It works on Supercard MiniSD - Trim, Restart, DMA, High Access Patch. A bit confusing, but easy to pick up. It's just too bad I never learned how to play the guitar.


----------



## natkoden (Dec 24, 2006)

Ok, im buying a supercard lite to play this game xD

Really...


----------



## betaboy (Dec 24, 2006)

The black apple's cool. Anyone found a downloadable desktop?


----------



## Hooya (Dec 24, 2006)

QUOTE(natkoden @ Dec 23 2006 said:


> Ok, im buying a supercard lite to play this game xD
> 
> Really...



Wouldn't it be cheaper to buy the game?  Or buy an EZ Flash V if you really want a new flashcart, I bet this would work in that in clean mode.


----------



## Verocity (Dec 24, 2006)

I've tried it as posted earlier it doesn't work. Read the whole topic.

-EZ4 deluxe user.


----------



## natkoden (Dec 24, 2006)

It works with slot-1 solutions?


----------



## Hooya (Dec 24, 2006)

QUOTE(Verocity @ Dec 23 2006 said:


> I've tried it as posted earlier it doesn't work. Read the whole topic.
> 
> -EZ4 deluxe user.



You have an EZ flash V too?   That's 5, not 4.  I read the topic.  I'm the only one with my revision that posted (I don't have the Deluxe, nor do I have the old Fat version, I have the original Lite).

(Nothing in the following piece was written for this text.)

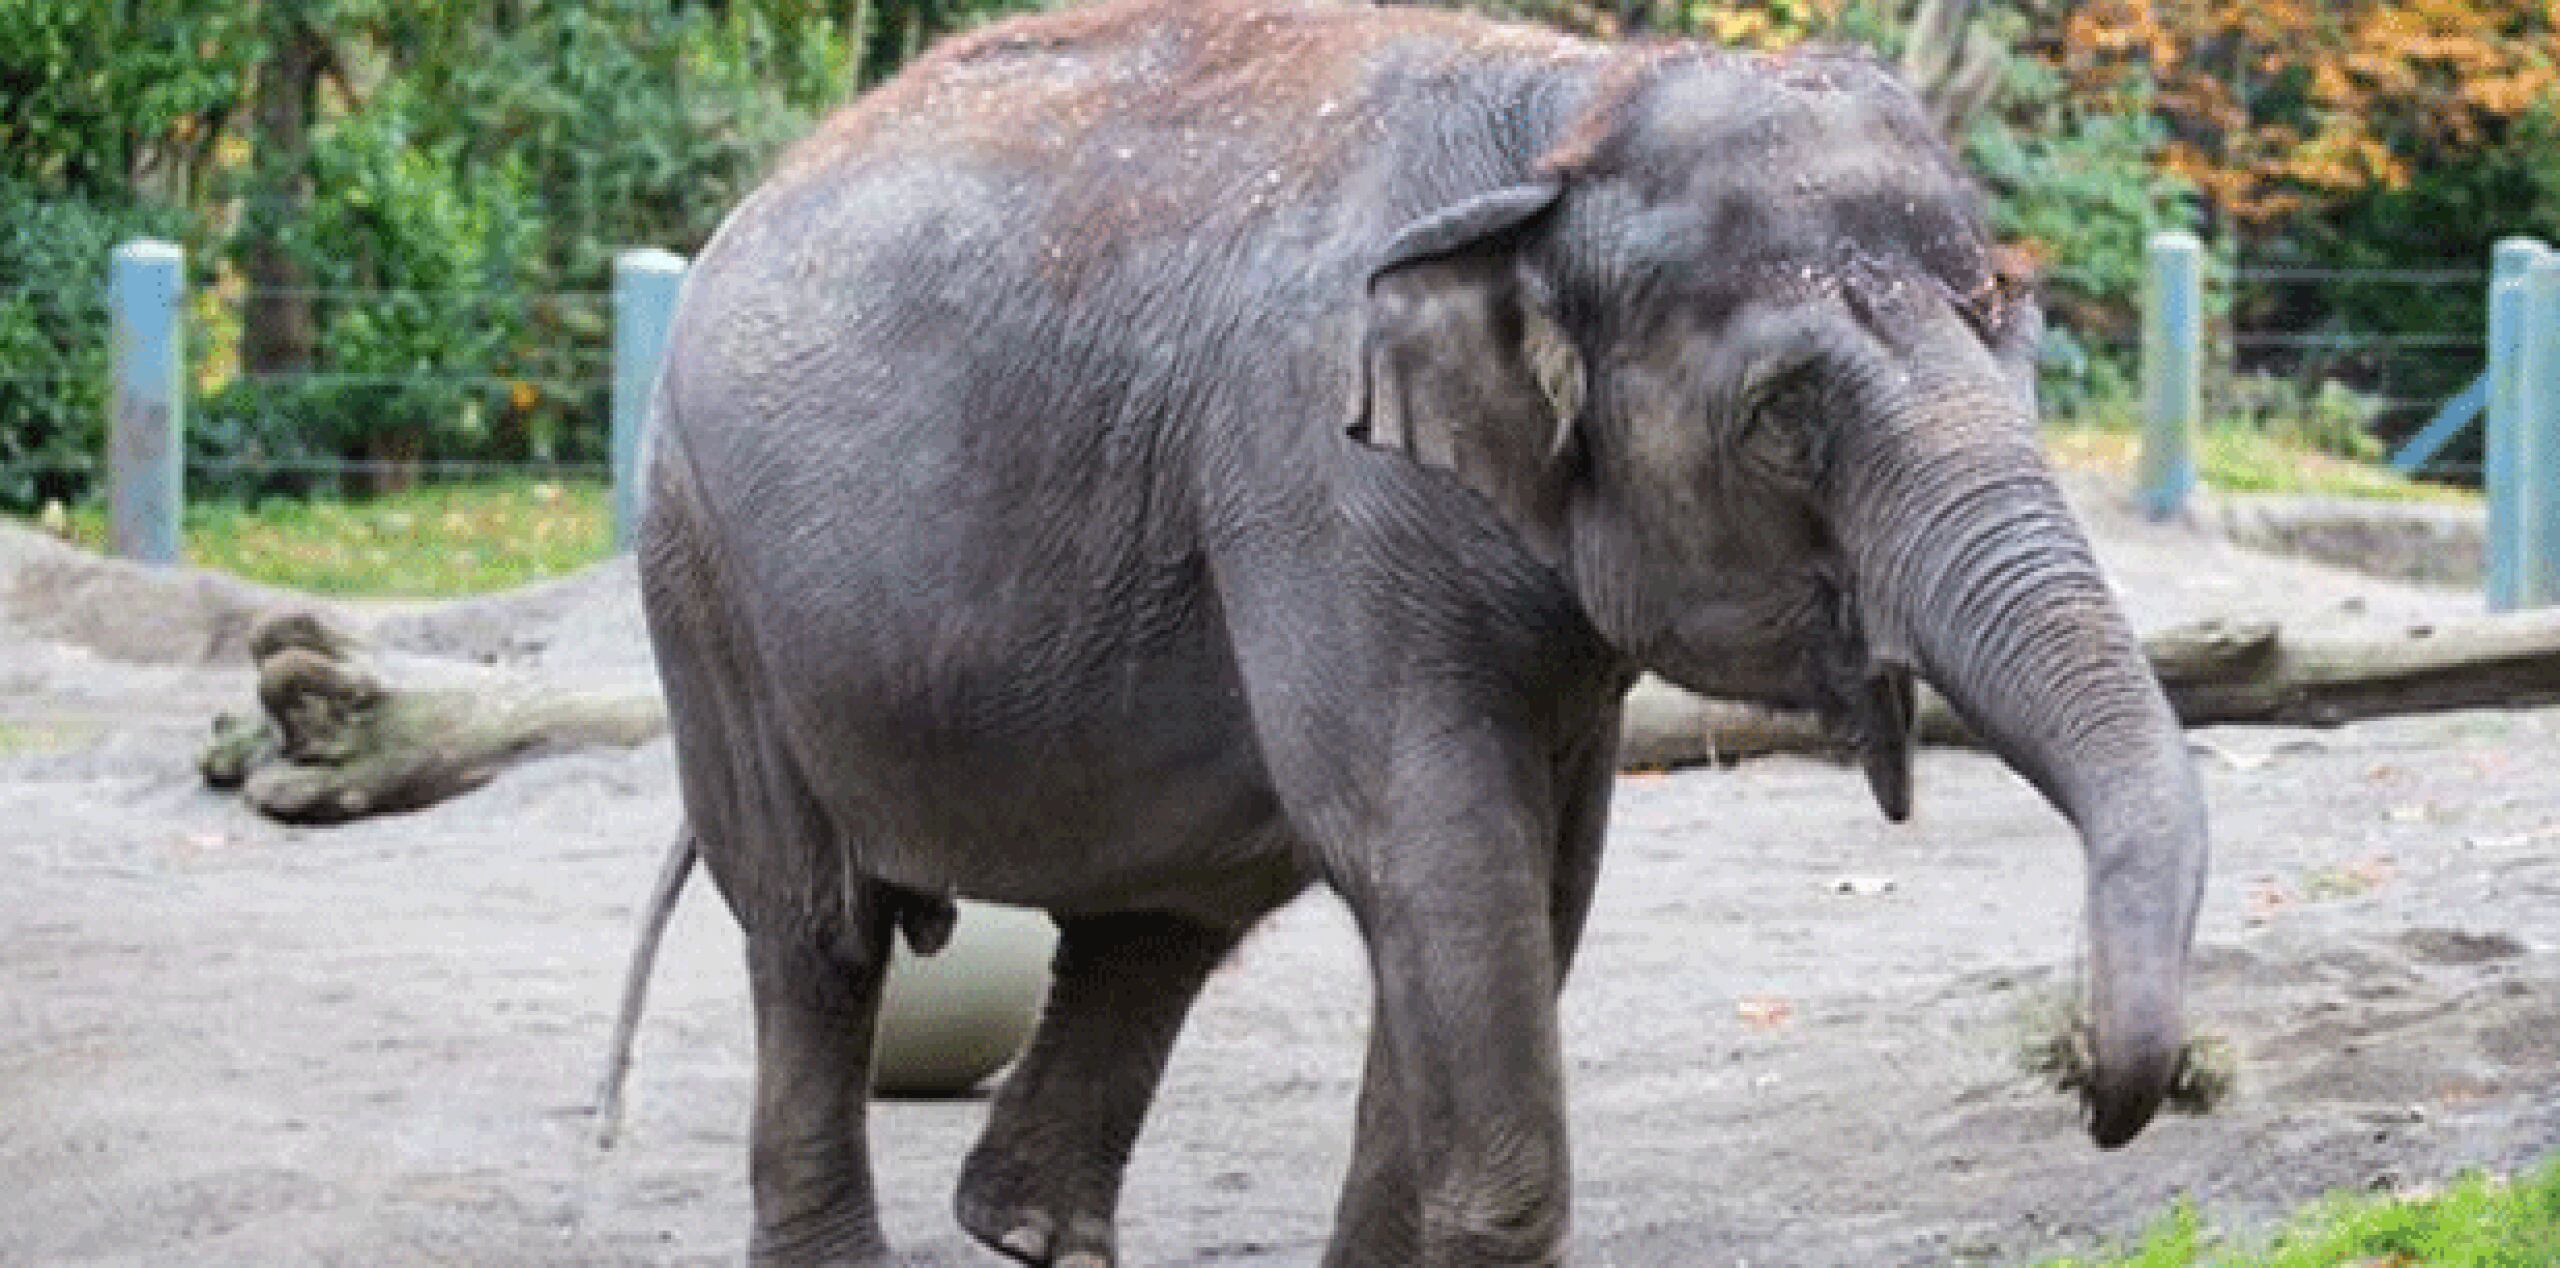 Representantes del zoológico han señalado que las elefantas podrán sumarse a una manada mayor y multigeneracional en Oklahoma City. (Twitter)

@natkoden:  Someone posted that it works with AceKard.


----------



## Noly (Dec 24, 2006)

its working on the DS-X.. 

however,  the right side of the touchscreen is cut off a bit.


----------



## Verocity (Dec 24, 2006)

QUOTE(Hooya @ Dec 23 2006 said:


> QUOTE(Verocity @ Dec 23 2006 said:
> 
> 
> > I've tried it as posted earlier it doesn't work. Read the whole topic.
> ...



woops sorry bud, I got my roman numerals and stuff mixed up, flash V as in slot 1..sorry


----------



## Verocity (Dec 24, 2006)

Currently working on flash carts

*Supercard series* "Yes, and it works... " -Tanas 

*Acekard* "It works on the Supercard series and Acekard. It does't work on M3 series and EZ4.... " -saerogy 

*EWIN2* "WORKING on EWIN2 Trim Rom, Boot with Y " -cabby3


----------



## Noly (Dec 24, 2006)

QUOTE(Verocity @ Dec 23 2006 said:


> Currently working on flash carts
> 
> *Supercard series* "Yes, and it works... " -Tanas
> 
> ...



and the ds-x!


----------



## CatScam (Dec 24, 2006)

No idea if there is a game to this but just jamming on the Guitar part Rocks!
Very well laid out, or as good as can be expected for playing cords on a joy-pad.  
The string is even touch sensitive, strum lightly & get a mellow sound or strum 
hard for a loud rocking sound. If you don’t have an amp just unplug your PC 
speakers mini jack & pop it in your DS, works just as well if not better.


----------



## monkeymachine (Dec 24, 2006)

Hmm getting white screens on the DSLink, might have to steal my bro's SCSD for this one in the meantime..


----------



## Kaphis (Dec 24, 2006)

I wanna find out how to make this better!! its so good right now...but I am missing a lot bceause I don't undertand the jap >


----------



## kawlex (Dec 24, 2006)

Works fine with my DS-X

Its ok, but I expected sth different from that game.


----------



## SYN7HOR (Dec 24, 2006)

Damn, I was REALLY looking forward to this. I wanna hook it up to my pedals and see how it sounds...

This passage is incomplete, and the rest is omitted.